Architectural overview of NUMA

No not the silly youtube video, Non-Uniform Memory Access (NUMA) is a design model used in many newer multi-cpu computer systems. To understand NUMA it is best to first understand how things were before the its advent. The prototypical multiprocessor computer layout is symmetric multiprocessing (SMP) which uses a uniform memory access (UMA) model. The UMA nature of SMP means that each cpu is connected to a single memory bus. This methodology works well for a relatively small number of CPUs but as the number grows the contention for a single bus grows and cpus start having to wait in line for memory access for unacceptable lengths of time.

Bellow is a simple diagram of a SMP setup with 2 cpus connected to a single memory bus which is in turn connected to a single bank of memory.

SMP

Next is a diagram of a NUMA setup with 4 cpus and 2 memory buses 2 cpus each. The 2 memory buses have their own bank of memory which in the NUMA nomenclature is referred to as local memory. The memory connected to the other bus is accessible however since it is not directly connected there are performance reductions for fetching information from a “remote” memory bank. This concept of local and remote memory is the fundamental principle of the NUMA architecture. Another important term when talking about NUMA is a node; in the diagram each group of memory and cpus that are connected to the same bus are considered a node.

NUMA

The main consideration that needs to be make when building a NUMA aware system is recognizing the fact that not all memory takes the same amount of time to access. Memory allocations and process cpu locality need to be done taking account for what node the process that is requesting the allocation is in, and when doing process scheduling attempting not to evict a process from a cpu in one node to a cpu in a different node is important to providing the best performance.

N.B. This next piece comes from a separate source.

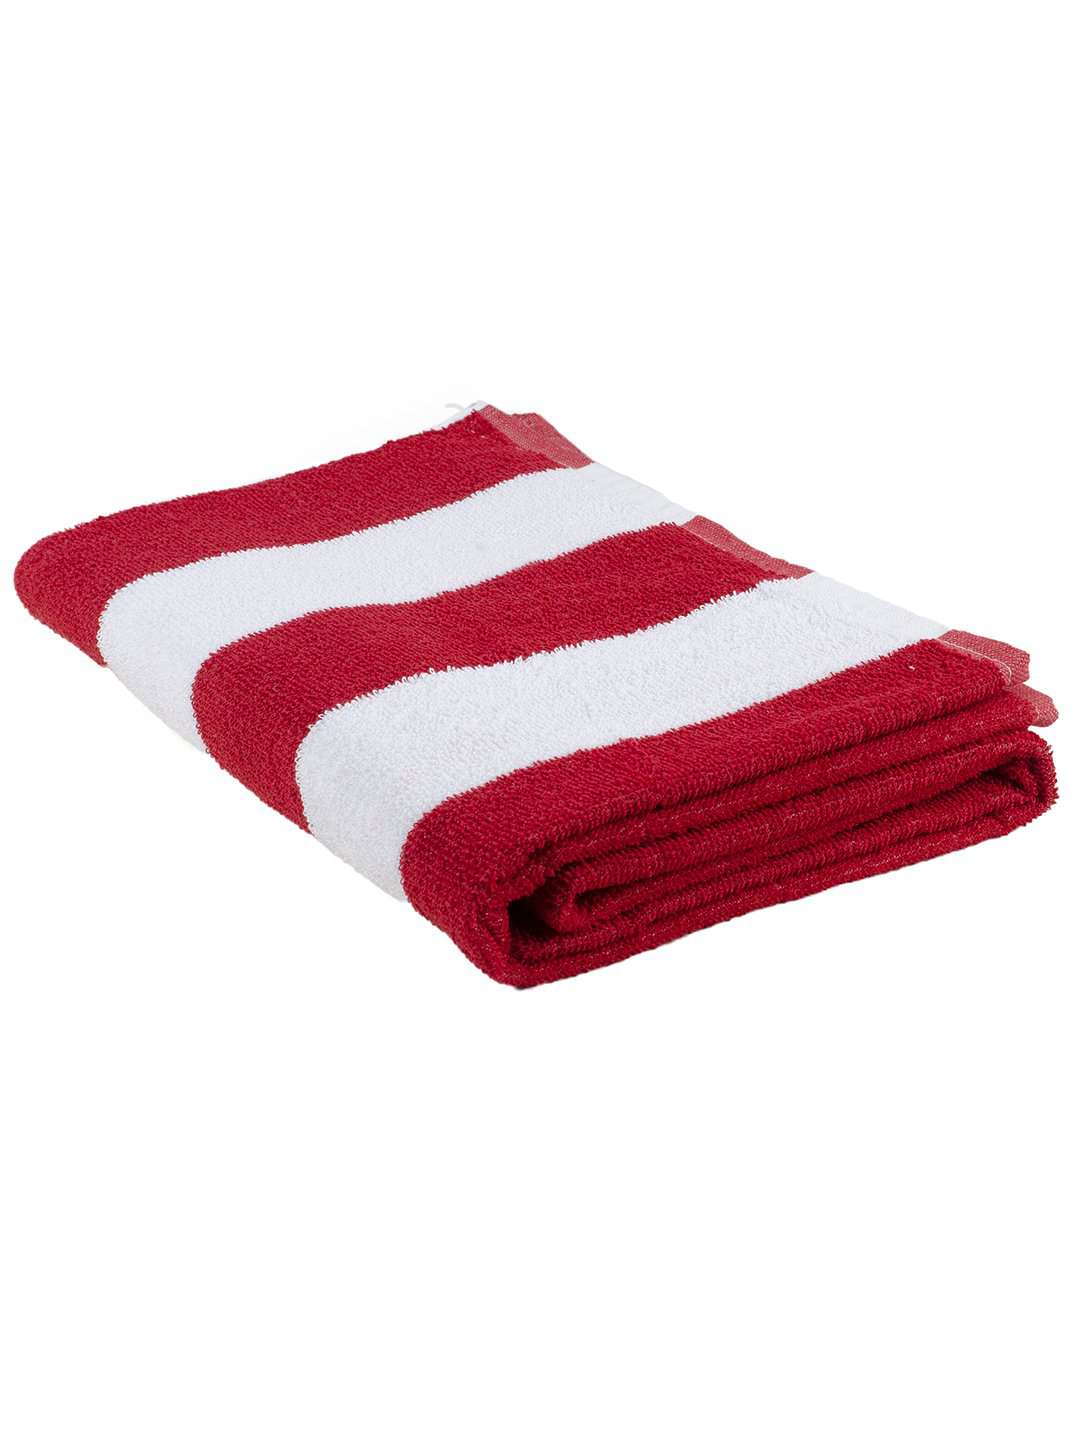 Turkish Bath Premium Cotton Stripe Bath and Pool Towel : Red - SWHF

Since cpus in addition to the main memory also include their own on chip caches another complication surfaces keeping all the caches consistent. This issue is referred to as cache coherence and affect all multi-cpu configurations that have a shared memory resource. Virtually all NUMA setups you will see in the wild are Cache coherent NUMA (ccNUMA) and I am not going to talk about non coherent setups.

Yet another complication with NUMA comes from the fact that accessing remote memory takes longer which can lead to problems with locking mechanisms. Taking the above diagram as an example if there is a lock structure in memory local to CPU0/1 a situation where the remote cpus are unable to take hold of the lock can occur. Say cpu0 is holding a spinlock, cpu2 then requests the lock and starts spinning, then cpu1 requests the lock and spins. Once cpu0 releases the lock due to the delay in accessing remote memory cpu2s request will likely have been beat out by cpu1.

Overall NUMA allows an operating system that is correctly accounting for the quirks of the design to scale well beyond the limitations of SMP. This mostly is due to the reduction of contention of a single memory bus which reduced the performance gained on SMP systems for each cpu added. The way most of us will see NUMA implemented is on dual or quad socket server motherboards with multi-core cpus. These setups often have a bank of memory for each socket meaning between 2-6 cpus per node.

This concludes the architectural overview. A future article will cover how linux takes advantage of NUMA hardware.